主上の記憶 3、
中原、青島、関森由紀、関森リコの4人は、神山明衣たちが待つ部屋に戻ってきた。部屋に戻るとすぐに、渡辺中佐に「一旦、自分たちの世界に戻り報告が必要だ」と伝え、1週間以内にこちらの世界に戻ってくると約束し、次元転送装置を使って関森由紀の治療院へと跳んだ。
翌日の午後、特殊捜査室の会議室には、室長の神山一輝の他、8名が席を埋めていた。その8名とは、神山明衣、中原諒二、宮本綱紀、新井澪、藤井真宙、関森リコ、青島孝、関森由紀である。

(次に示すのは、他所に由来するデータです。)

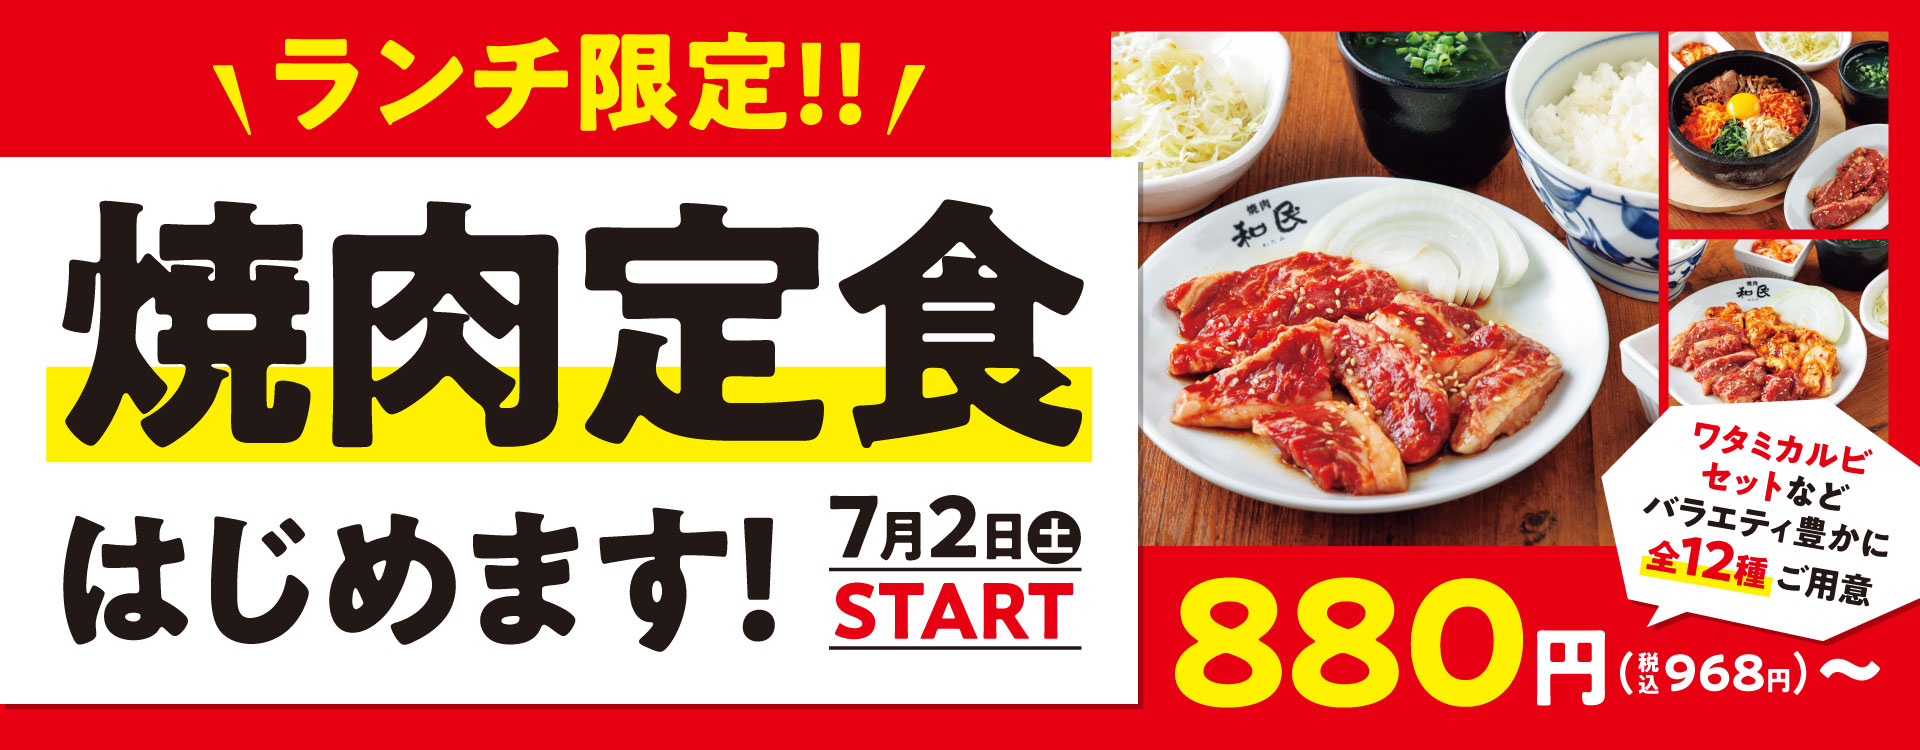 焼肉の和民西台店でランチ限定で焼肉定食の提供開始のお知らせ画像

「今朝、主上に謁見したと報告を受けた。集まってもらったのは、中原君が確認した主上の神石に関する記憶を皆と共有し、今後についてどうするかを決めるためだ」
神山一輝はそう言うと全員を見回し、中原に向かって「始めてくれ」と言って着席した。
中原は指示を受けると立ち上がり、
「今から私が見た、主上の記憶を皆さんの意識に投影します。刺激が強すぎて気分が悪くなることがあるかもしれません。その時は手を挙げてください。その方への投影を止めます」
全員の顔つきを見た後、
「投影したものと、今見えているものが重なって見えてしまいますので、目を閉じてください」
皆が目を閉じるのを確認後、
「それでは始めます」
中原はそう言うと着席し、主上の記憶を投影し始めた。投影を受けた8人の眼前には、主上の記憶が浮かび上がってきた。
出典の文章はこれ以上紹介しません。